*** Exercise data Section Begins ***

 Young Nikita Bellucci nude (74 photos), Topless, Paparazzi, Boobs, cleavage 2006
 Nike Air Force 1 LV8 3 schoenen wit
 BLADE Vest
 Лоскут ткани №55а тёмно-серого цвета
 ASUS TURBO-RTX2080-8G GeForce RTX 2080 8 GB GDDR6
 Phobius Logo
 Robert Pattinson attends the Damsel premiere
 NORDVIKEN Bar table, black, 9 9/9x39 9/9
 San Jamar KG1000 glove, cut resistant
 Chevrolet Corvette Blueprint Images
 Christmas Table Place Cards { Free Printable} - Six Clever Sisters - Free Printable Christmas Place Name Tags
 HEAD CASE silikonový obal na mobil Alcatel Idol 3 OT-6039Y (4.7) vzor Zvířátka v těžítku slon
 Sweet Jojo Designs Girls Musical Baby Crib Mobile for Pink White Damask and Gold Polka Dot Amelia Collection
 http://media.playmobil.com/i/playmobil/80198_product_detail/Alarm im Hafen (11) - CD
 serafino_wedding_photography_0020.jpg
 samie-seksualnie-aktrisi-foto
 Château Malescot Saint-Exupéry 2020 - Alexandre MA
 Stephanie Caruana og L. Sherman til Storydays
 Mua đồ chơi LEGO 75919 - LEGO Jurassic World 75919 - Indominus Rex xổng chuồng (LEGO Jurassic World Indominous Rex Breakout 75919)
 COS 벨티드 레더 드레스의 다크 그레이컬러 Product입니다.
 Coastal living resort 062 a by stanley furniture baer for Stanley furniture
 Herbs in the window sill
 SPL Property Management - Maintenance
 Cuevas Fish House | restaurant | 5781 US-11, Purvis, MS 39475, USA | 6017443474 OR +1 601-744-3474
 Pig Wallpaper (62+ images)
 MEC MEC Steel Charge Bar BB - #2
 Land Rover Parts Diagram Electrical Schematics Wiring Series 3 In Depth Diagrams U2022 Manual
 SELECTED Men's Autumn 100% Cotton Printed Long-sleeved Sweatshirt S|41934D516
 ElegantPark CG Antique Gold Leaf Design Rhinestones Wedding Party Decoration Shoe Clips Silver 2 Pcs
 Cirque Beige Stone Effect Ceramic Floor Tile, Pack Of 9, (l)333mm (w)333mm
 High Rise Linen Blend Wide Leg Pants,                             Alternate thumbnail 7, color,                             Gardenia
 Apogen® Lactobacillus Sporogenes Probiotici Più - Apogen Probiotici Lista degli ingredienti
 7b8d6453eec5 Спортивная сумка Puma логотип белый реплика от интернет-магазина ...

*** Exercise data Section Ends ***

• **Work task**: Every line of the listing needs to be written out exactly.

• **Solution for this exercise**:
 Young Nikita Bellucci nude (74 photos), Topless, Paparazzi, Boobs, cleavage 2006
 Nike Air Force 1 LV8 3 schoenen wit
 BLADE Vest
 Лоскут ткани №55а тёмно-серого цвета
 ASUS TURBO-RTX2080-8G GeForce RTX 2080 8 GB GDDR6
 Phobius Logo
 Robert Pattinson attends the Damsel premiere
 NORDVIKEN Bar table, black, 9 9/9x39 9/9
 San Jamar KG1000 glove, cut resistant
 Chevrolet Corvette Blueprint Images
 Christmas Table Place Cards { Free Printable} - Six Clever Sisters - Free Printable Christmas Place Name Tags
 HEAD CASE silikonový obal na mobil Alcatel Idol 3 OT-6039Y (4.7) vzor Zvířátka v těžítku slon
 Sweet Jojo Designs Girls Musical Baby Crib Mobile for Pink White Damask and Gold Polka Dot Amelia Collection
 http://media.playmobil.com/i/playmobil/80198_product_detail/Alarm im Hafen (11) - CD
 serafino_wedding_photography_0020.jpg
 samie-seksualnie-aktrisi-foto
 Château Malescot Saint-Exupéry 2020 - Alexandre MA
 Stephanie Caruana og L. Sherman til Storydays
 Mua đồ chơi LEGO 75919 - LEGO Jurassic World 75919 - Indominus Rex xổng chuồng (LEGO Jurassic World Indominous Rex Breakout 75919)
 COS 벨티드 레더 드레스의 다크 그레이컬러 Product입니다.
 Coastal living resort 062 a by stanley furniture baer for Stanley furniture
 Herbs in the window sill
 SPL Property Management - Maintenance
 Cuevas Fish House | restaurant | 5781 US-11, Purvis, MS 39475, USA | 6017443474 OR +1 601-744-3474
 Pig Wallpaper (62+ images)
 MEC MEC Steel Charge Bar BB - #2
 Land Rover Parts Diagram Electrical Schematics Wiring Series 3 In Depth Diagrams U2022 Manual
 SELECTED Men's Autumn 100% Cotton Printed Long-sleeved Sweatshirt S|41934D516
 ElegantPark CG Antique Gold Leaf Design Rhinestones Wedding Party Decoration Shoe Clips Silver 2 Pcs
 Cirque Beige Stone Effect Ceramic Floor Tile, Pack Of 9, (l)333mm (w)333mm
 High Rise Linen Blend Wide Leg Pants,                             Alternate thumbnail 7, color,                             Gardenia
 Apogen® Lactobacillus Sporogenes Probiotici Più - Apogen Probiotici Lista degli ingredienti
 7b8d6453eec5 Спортивная сумка Puma логотип белый реплика от интернет-магазина ...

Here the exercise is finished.